** What to do **
Here the job is to copy the data exactly and to exclude every image from it.

** Given data **
========
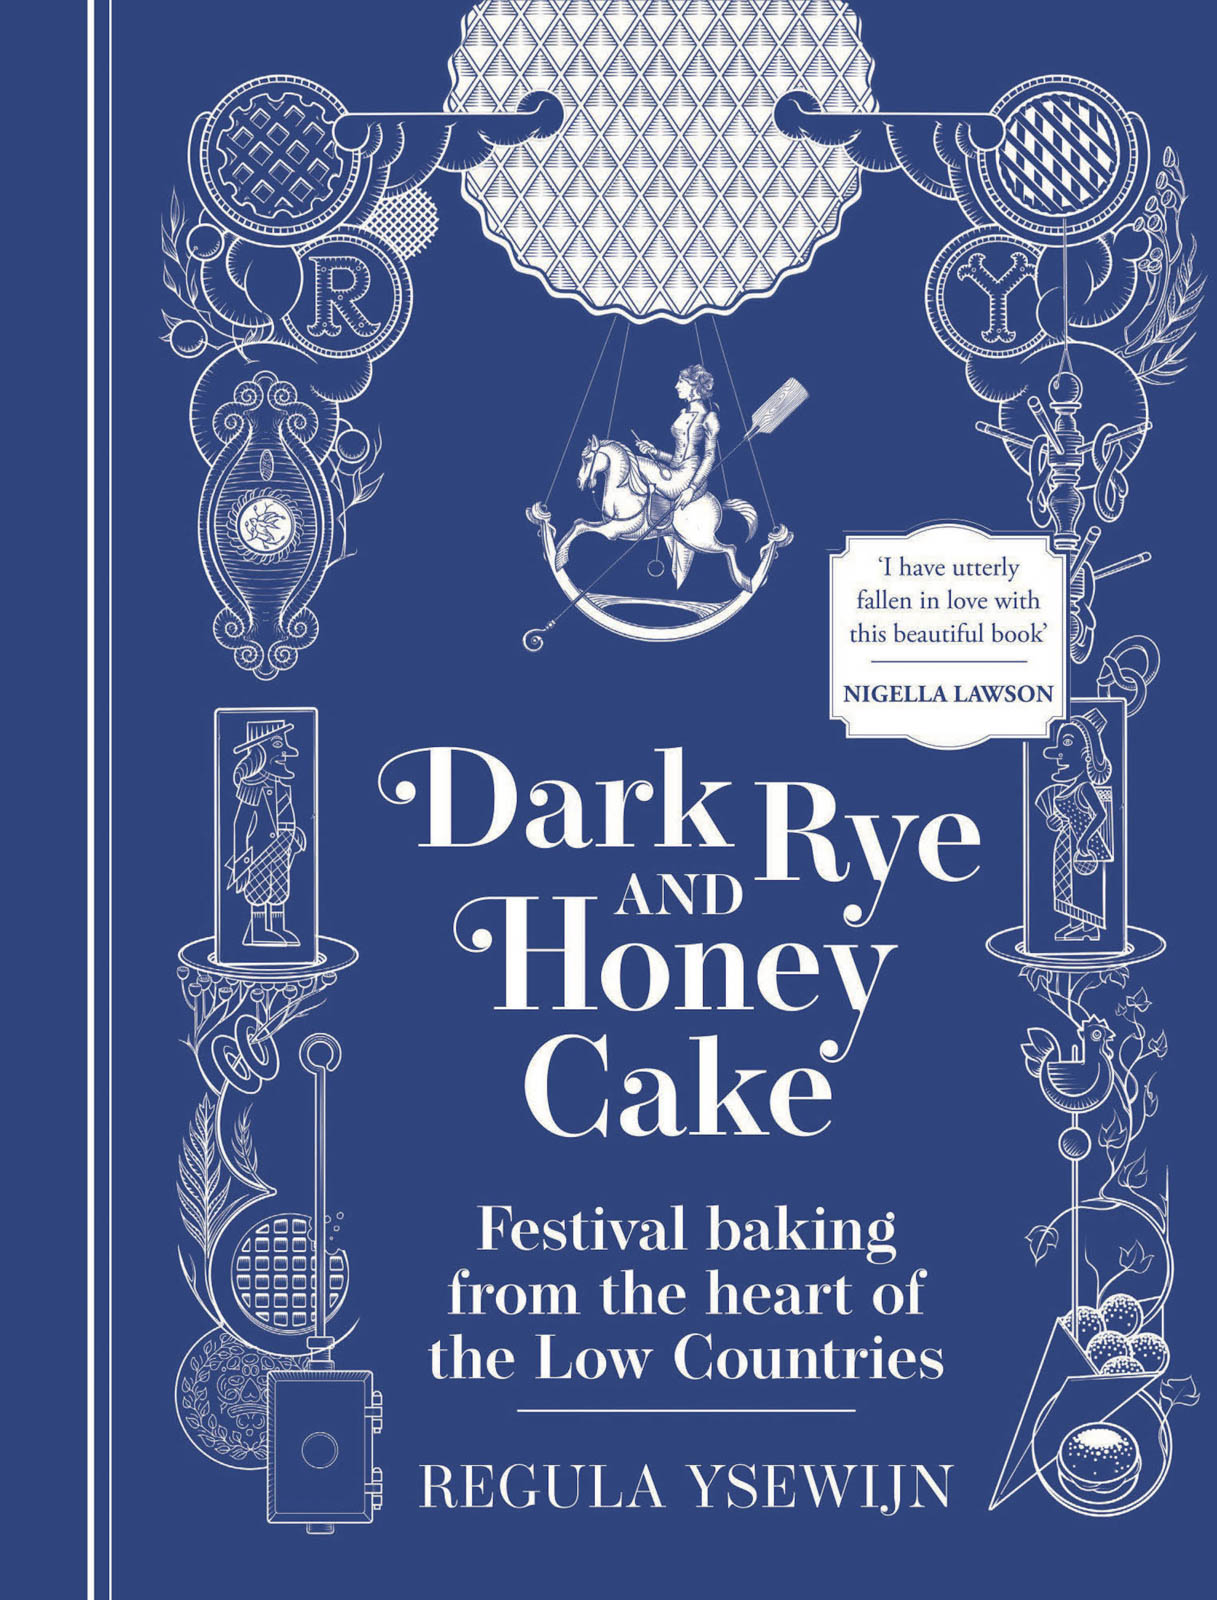 Dark Rye & Honey Cake by Regula Ysewijn
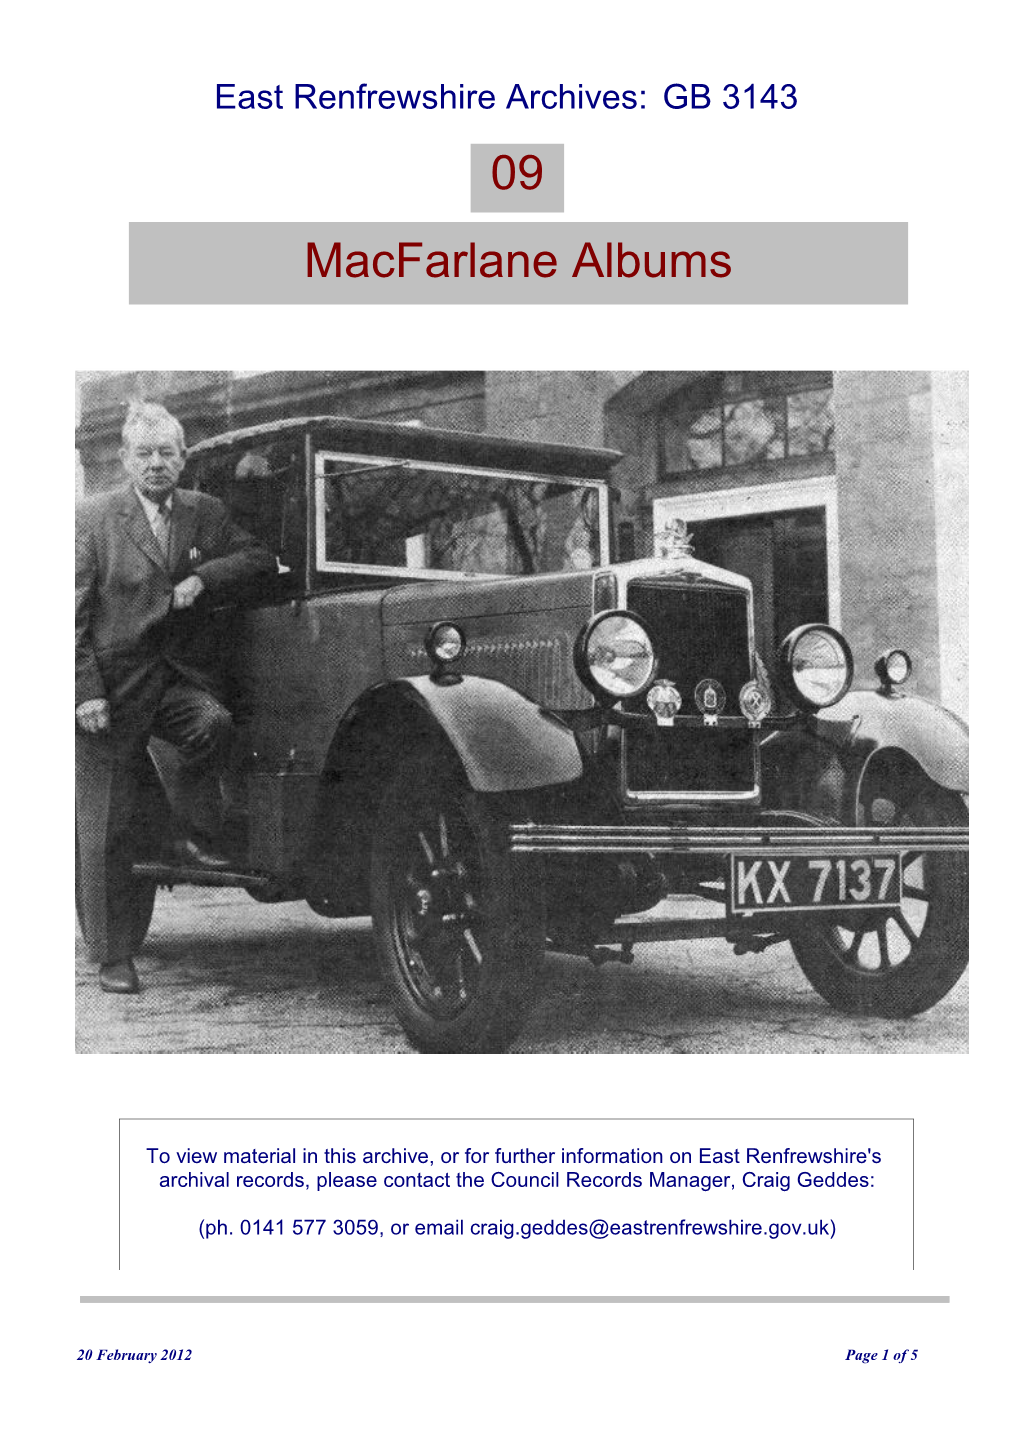 Macfarlane Albums
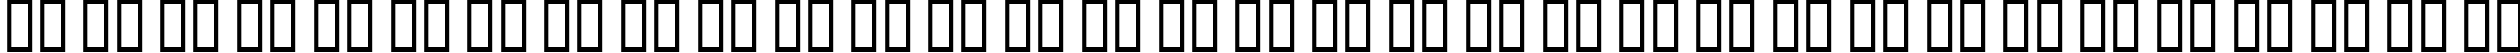 Пример написания русского алфавита шрифтом AddJazz
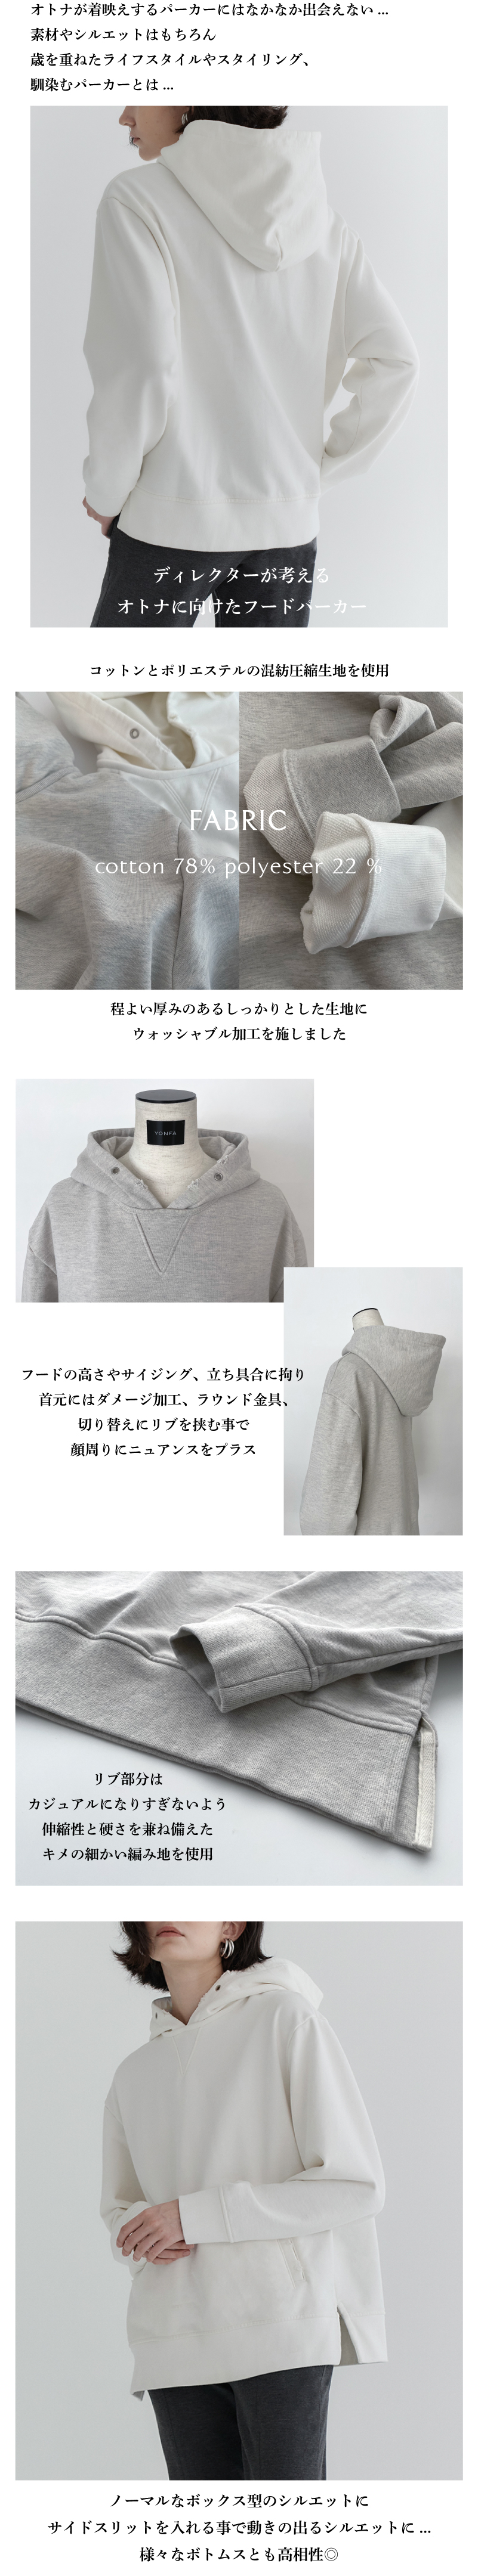 yonfa ルーズパーカー (gray)
========
** Completed task **
 Dark Rye & Honey Cake by Regula Ysewijn
 Macfarlane Albums
 Пример написания русского алфавита шрифтом AddJazz
 yonfa ルーズパーカー (gray)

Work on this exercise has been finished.